Transcribe only the lines of the listing below from the one holding "Bild zu Diese" through the one holding "PAAVANI Ayurveda Spiced", inclusive, without any change.

RAW DATA Start Marker

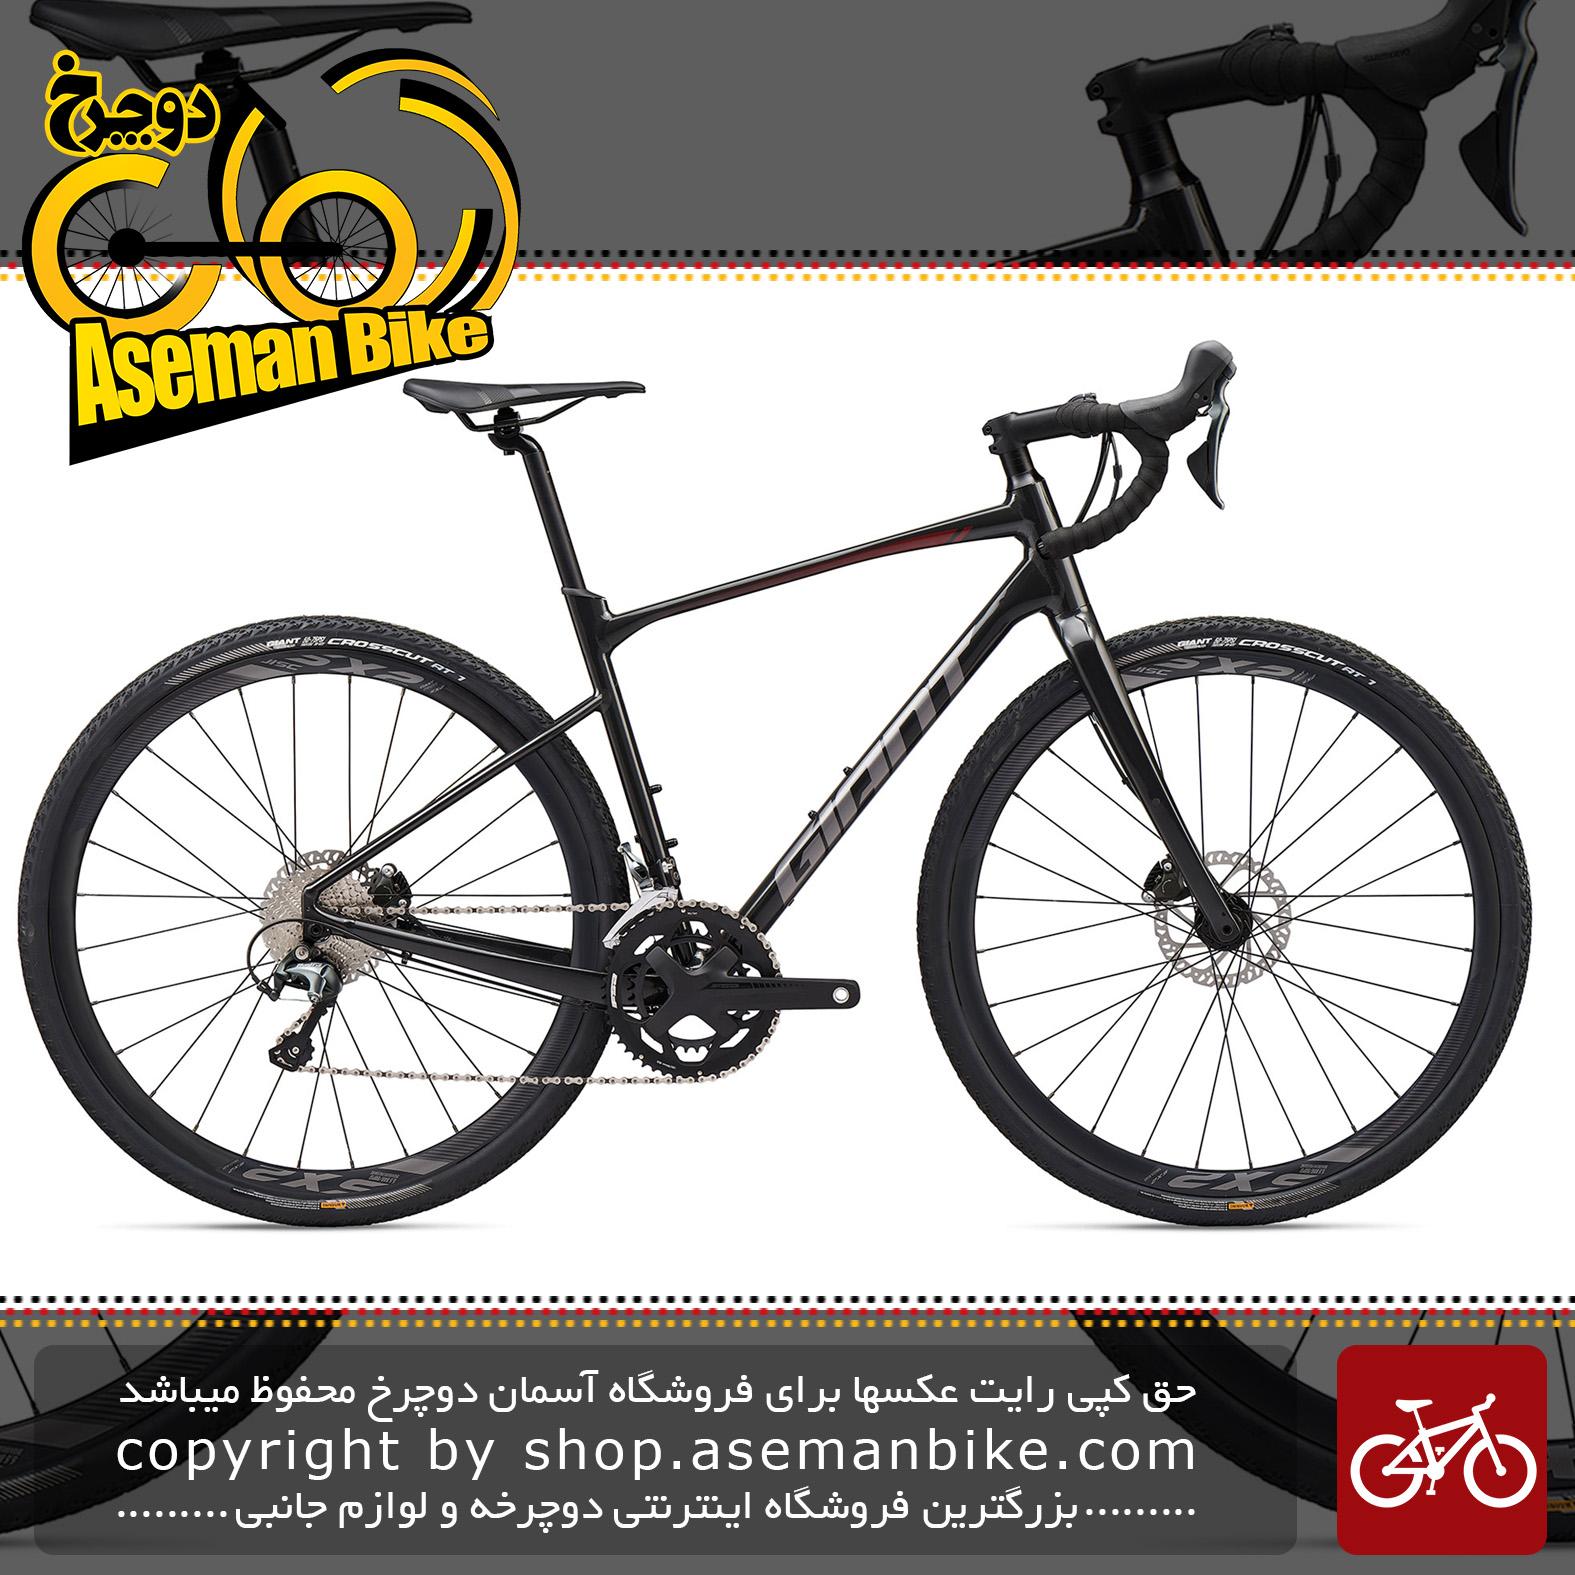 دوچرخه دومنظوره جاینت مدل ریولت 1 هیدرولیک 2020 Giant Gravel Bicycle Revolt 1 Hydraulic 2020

RAW DATA End Marker
RAW DATA Start Marker

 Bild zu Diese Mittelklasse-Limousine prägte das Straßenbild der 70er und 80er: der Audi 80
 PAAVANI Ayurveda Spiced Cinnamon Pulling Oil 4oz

RAW DATA End Marker
RAW DATA Start Marker

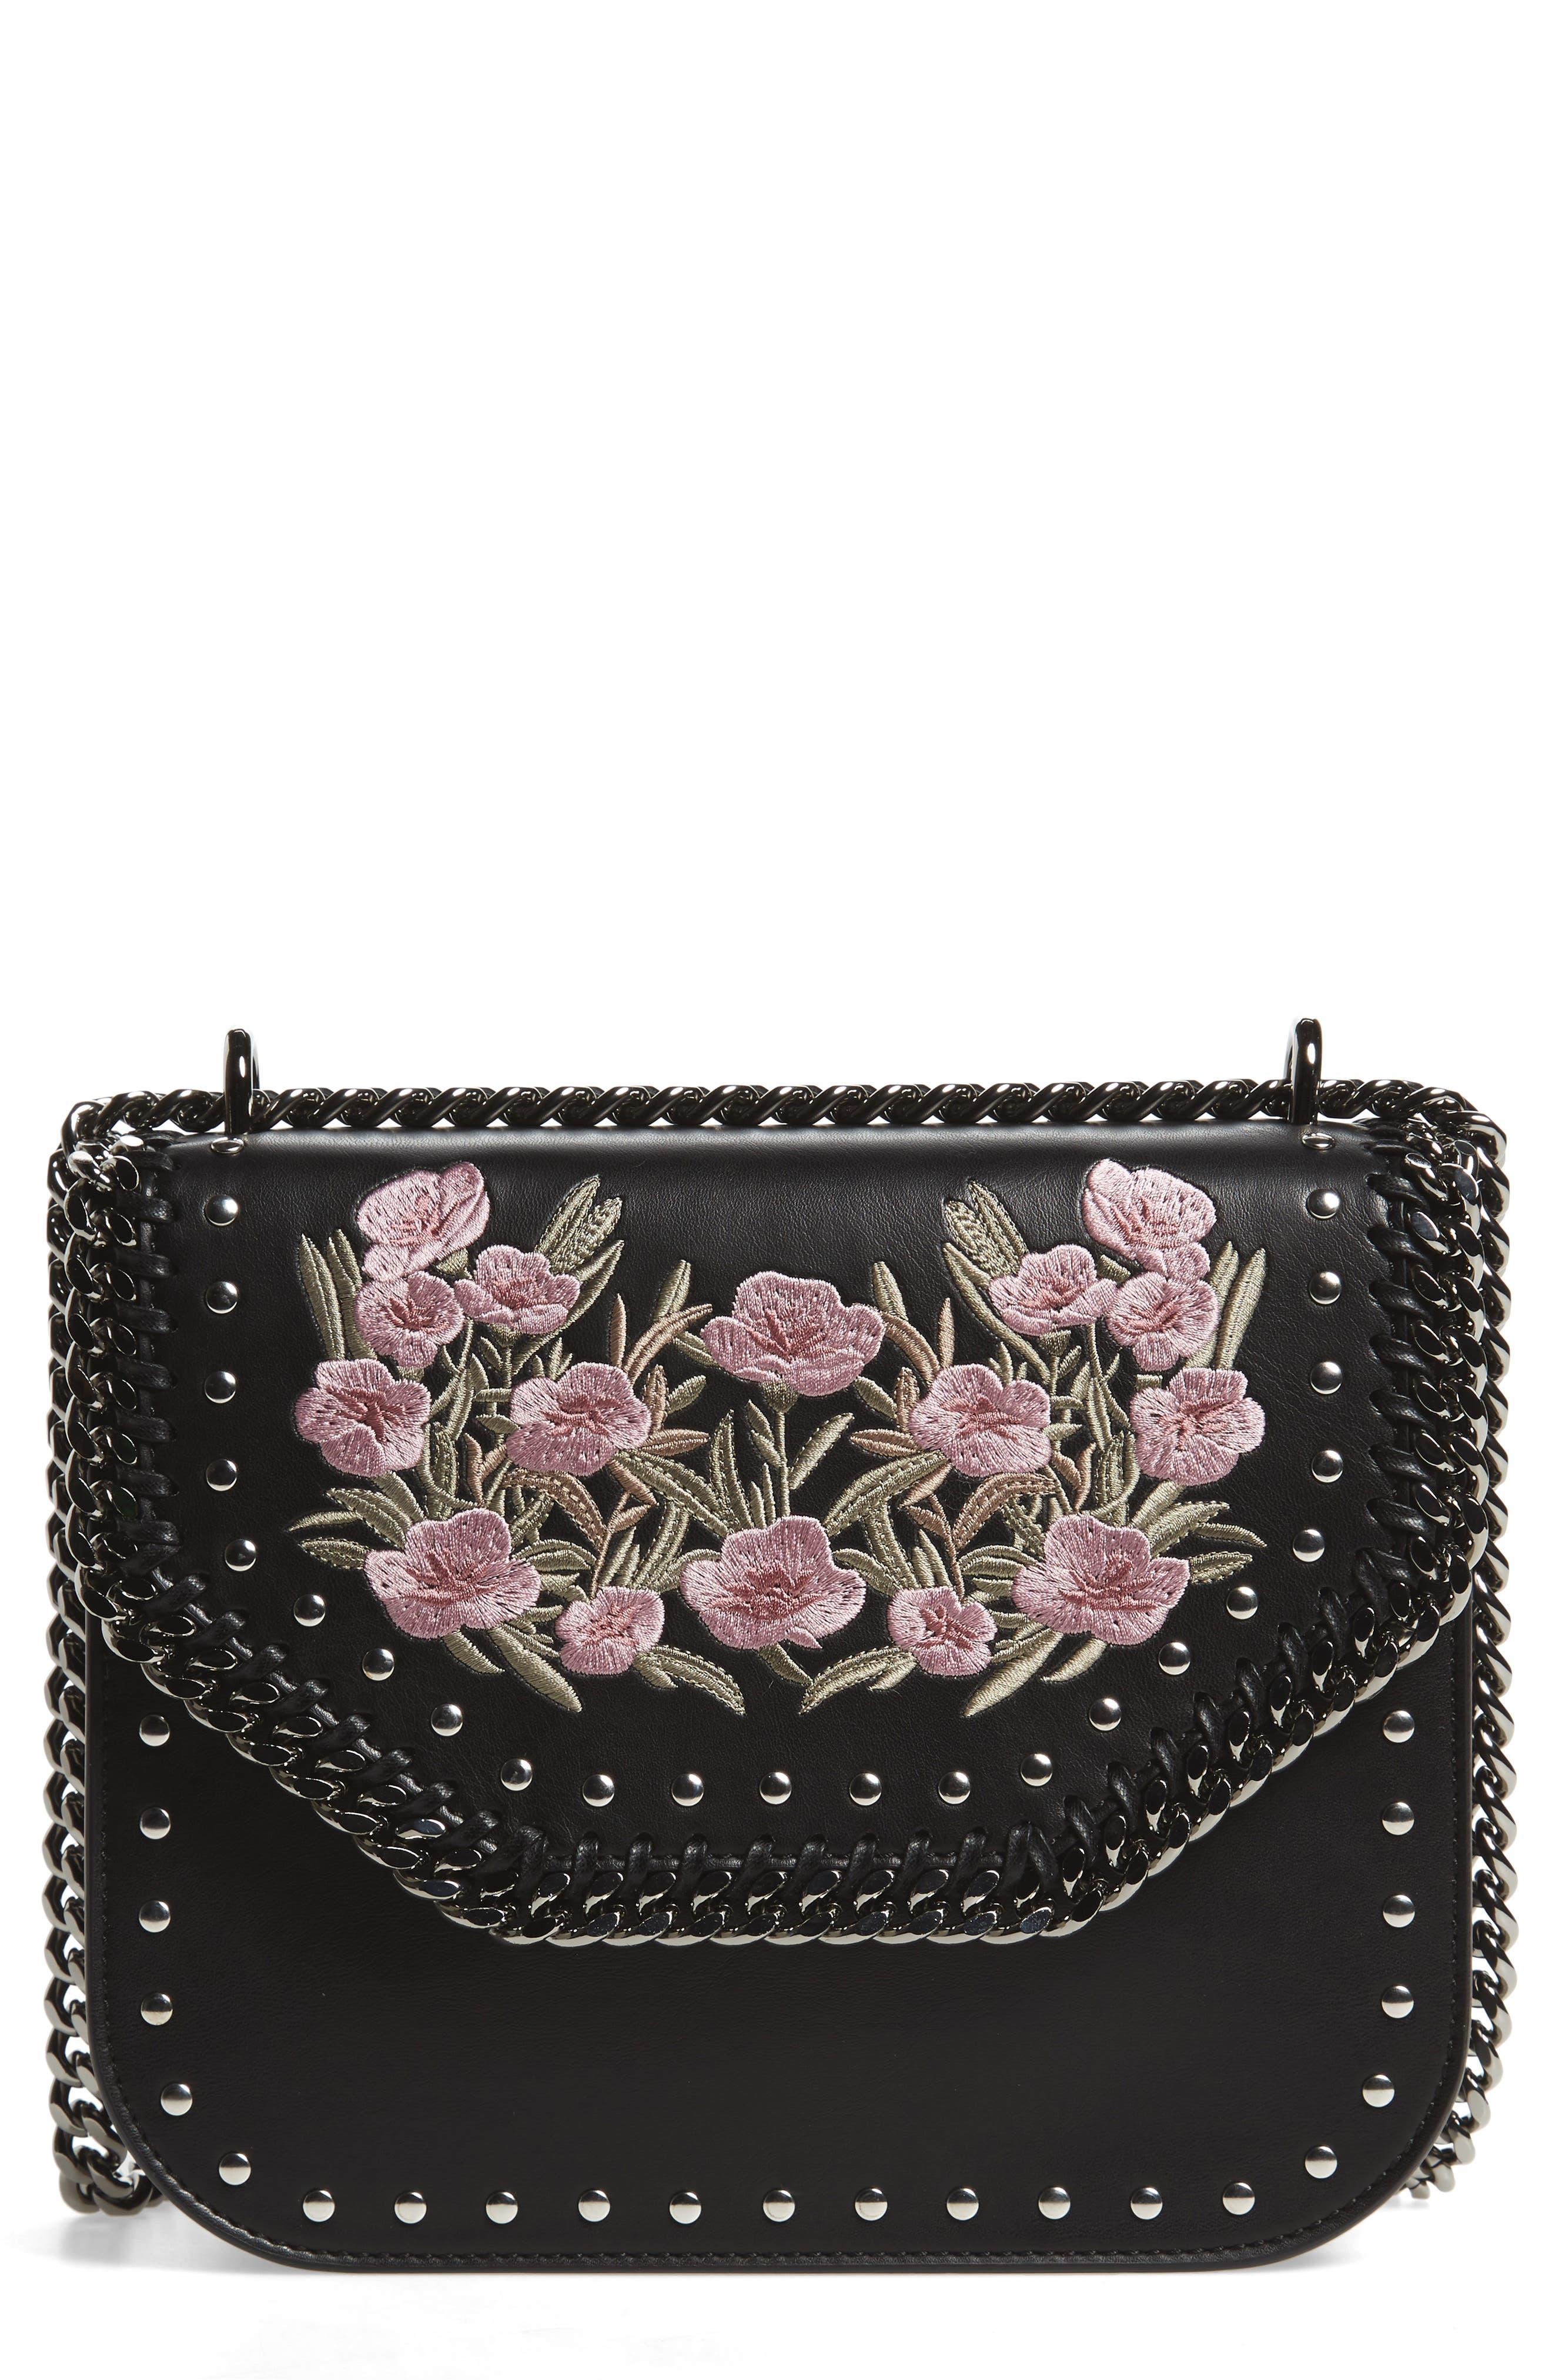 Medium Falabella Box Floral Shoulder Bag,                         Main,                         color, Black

RAW DATA End Marker

# [EXERCISE ANSWER]
 Bild zu Diese Mittelklasse-Limousine prägte das Straßenbild der 70er und 80er: der Audi 80
 PAAVANI Ayurveda Spiced Cinnamon Pulling Oil 4oz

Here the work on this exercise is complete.